Case Studies
Only a few recent studies take a comprehensive inventory of the fiscal effects of immigration, primarily for local areas and states. Six of them were selected for review at the workshop; see Table 1.1
Each study is reviewed in this section, with a focus on issues of the study's funding source and purpose, sources of data, population estimates, methods used to create the estimates, cost and revenue items, results, and the strengths and limitations of the study. One study considered the United States as a whole, two looked at specific counties, and three assessed the fiscal effects of illegal immigration on specific states.
LOS ANGELES COUNTY
The Los Angeles County Internal Services Department (1992) prepared a study for the County Board of Supervisors assessing the fiscal impact of immigration on Los Angeles County and for school districts within the county. The study estimated costs and revenues for four groups: recent legal immigrants, amnesty immigrants, undocumented immigrants, and citizen children of undocumented immigrants.2
TABLE 1 Case Studies of the Fiscal Impact of Illegal Immigration
Author, Date |
Title |
Sponsor |
Geographic Area |
Period of Analysis |
Los Angeles County Internal Services Department, 1992 |
Impact of Undocumented Persons and other Immigrants on Costs, Revenues and Services in Los Angeles County |
Los Angeles County Board of Supervisors |
Los Angeles County |
Fiscal 1991–1992 |
Huddle, 1993 |
The Costs of Immigration |
Carrying Capacity Network |
United States |
Fiscal 1991 and 1993 (covers immigrants arriving since 1970) |
Huddle, 1994a |
The Net Costs of Immigration to Texas |
Carrying Capacity Network |
Texas |
Fiscal 1992 (covers immigrants arriving since 1970) |
Parker and Rea, 1993 |
Illegal Immigration in San Diego County: An Analysis of Costs and Revenues |
California State Senate Special Committee on Border Issues |
San Diego County |
Fiscal 1991–1992 |
Romero, Chang, and Parker, 1994 |
Shifting the Cost of a Failed Federal Policy |
Governor's Office on Planning and Research |
California |
Fiscal 1994–1995 |
Clark et al., 1994 |
Fiscal Impacts of Undocumented Aliens: Selected Estimates for Seven States |
U.S. Office of Management and Budget, U.S. Department of Justice, Urban Institute's Program for Research on Immigration Policy (funded by the Ford Foundation) and Immigrant Policy Program (funded by the Andrew W. Mellon Foundation) |
Arizona, California, Florida, Illinois, New Jersey, New York, and Texas |
1992 |
Using data from the 1980 census, the Current Population Survey (CPS), the Immigration and Naturalization Service (INS), and information from the California Department of Finance, the study estimated an undocumented immigrant population of 700,000 in Los Angeles County in January 1992. The estimate was derived by extrapolation of the 1980 Census Bureau estimate of the number of enumerated undocumented immigrants with amnesty data and assumptions for net undocumented immigration.
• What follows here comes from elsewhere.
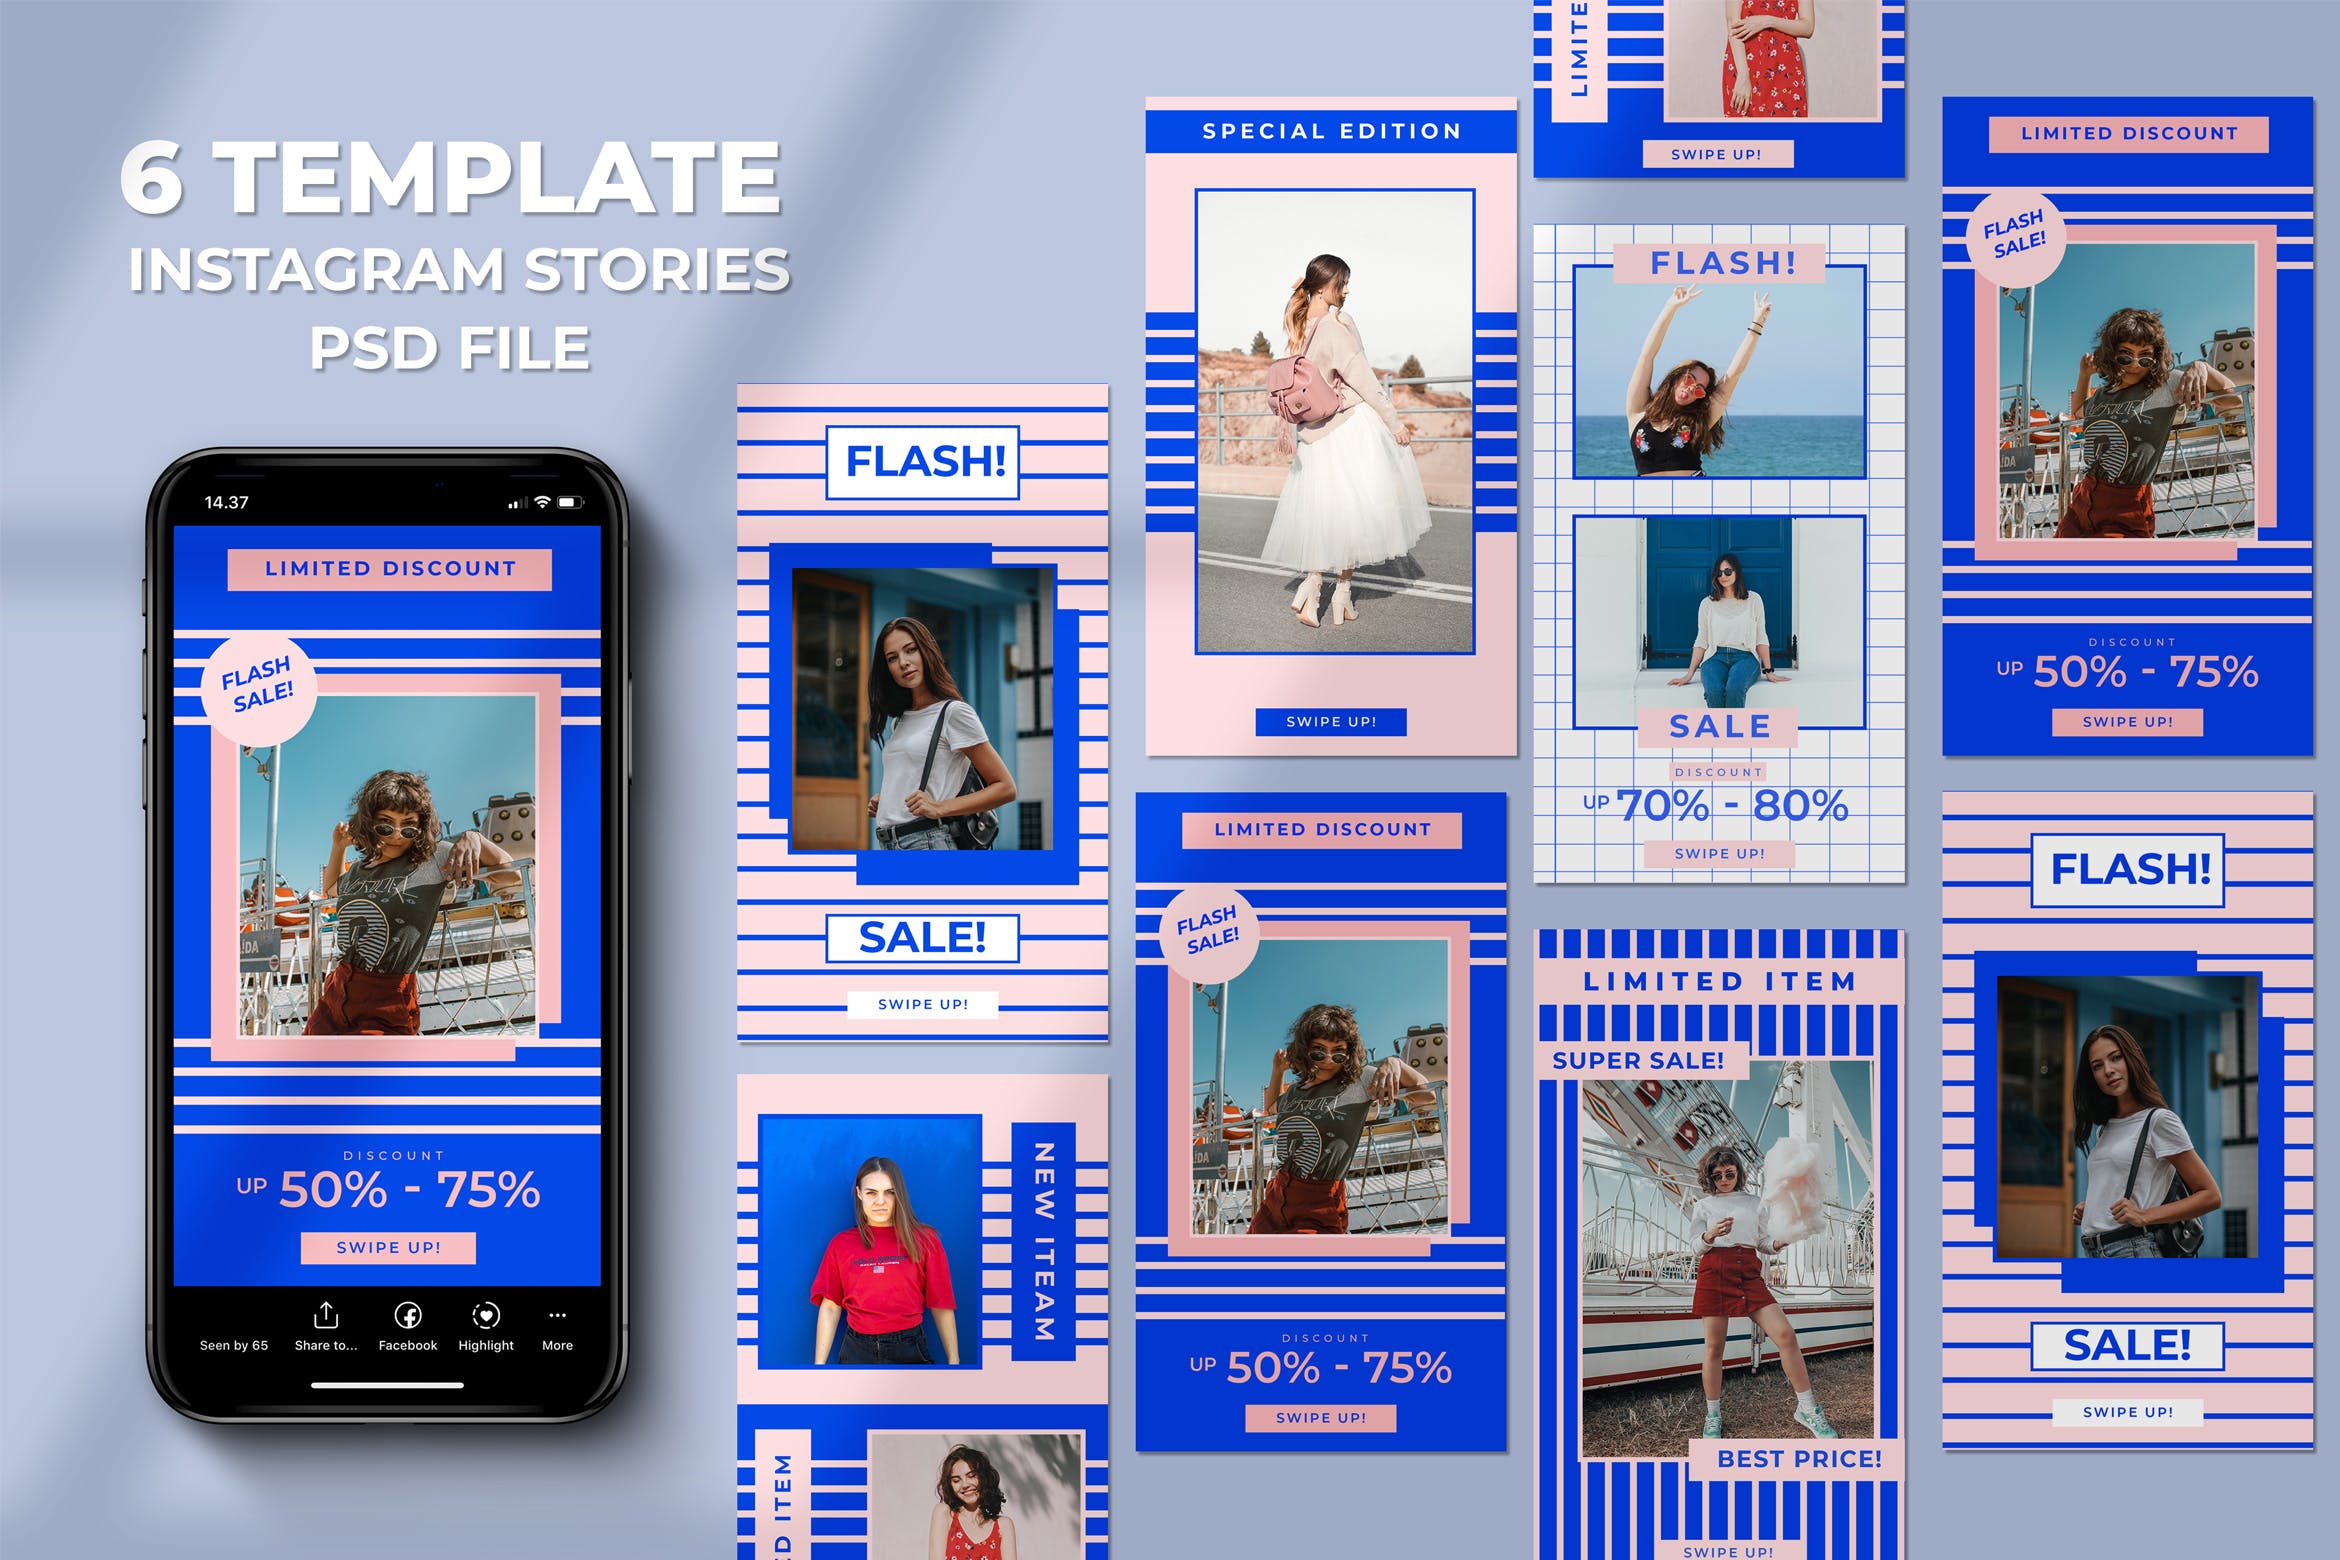 粉蓝配色少女系列Instagram故事贴图社交媒体模板 Flash Sale Instagram Stories设计素材模板

Cost estimates for fiscal 1991–1992 covered criminal justice programs and services, health and mental health services, social services, and elementary and secondary education. Cost data were based on administrative records and case records from county departments and a survey of the amnesty population by the California State Health Services Department and Mental Health Department. Costs for quasi-public goods and some other services were a pro rata share of total costs. Other costs were per client costs based on case data. Cost estimates were based on the assumption that immigrants behave like the rest of the population, after adjusting for income. Available information on illegal immigrants, such as those who applied for legalization in 1986, suggest that they are likely to be of Mexican origin, male, in their early labor force years, and less educated than the average U.S. resident.
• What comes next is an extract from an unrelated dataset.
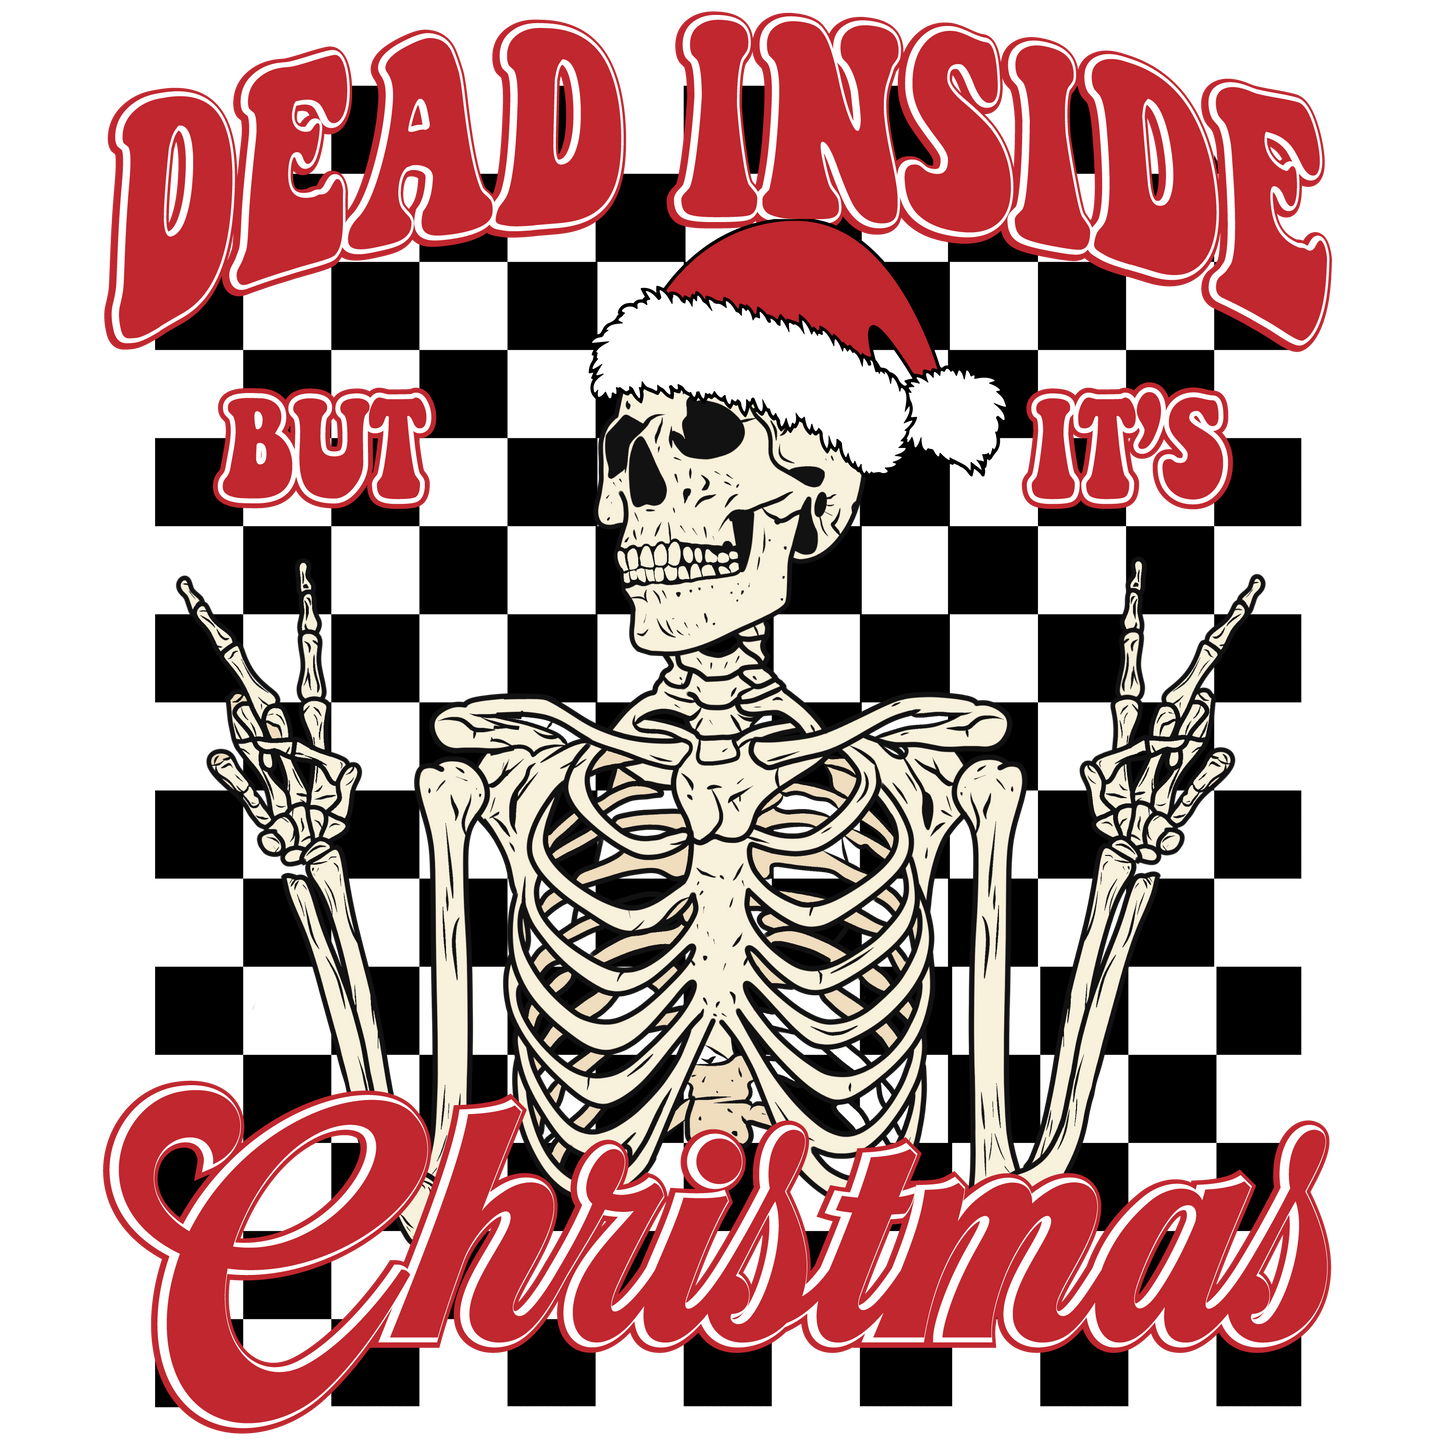 Dead inside but it's Christmas

Data on revenue sources included Federal Insurance Contributions Act (FICA), federal income, unemployment insurance, and excise taxes; state income, excise, gas, and sales taxes; lottery ticket sales; and local sales and property taxes (with the assumption that one-half of the property tax is paid by the tenant). Effective tax rates were based on data from the Internal Revenue Service, the State Board of Equalization, and the California Franchise Tax Board. Data on household structure and income distribution were based on data for aliens legalized under the general 1986 amnesty, as surveyed in the Westat Legalization Population Survey. Taxes paid were estimated using a matrix of age, income, and household characteristics multiplied by the applicable effective tax rate.
Workshop participants noted several strengths of the Los Angeles County study. First, unlike the other fiscal impact studies the workshop examined, the cost estimates took into account revenues from federal and state governments, thus including the offsetting effect of intergovernmental transfers. The study also has a reasonably clear presentation of data sources, methodology and results, and could likely be replicated by other analysts.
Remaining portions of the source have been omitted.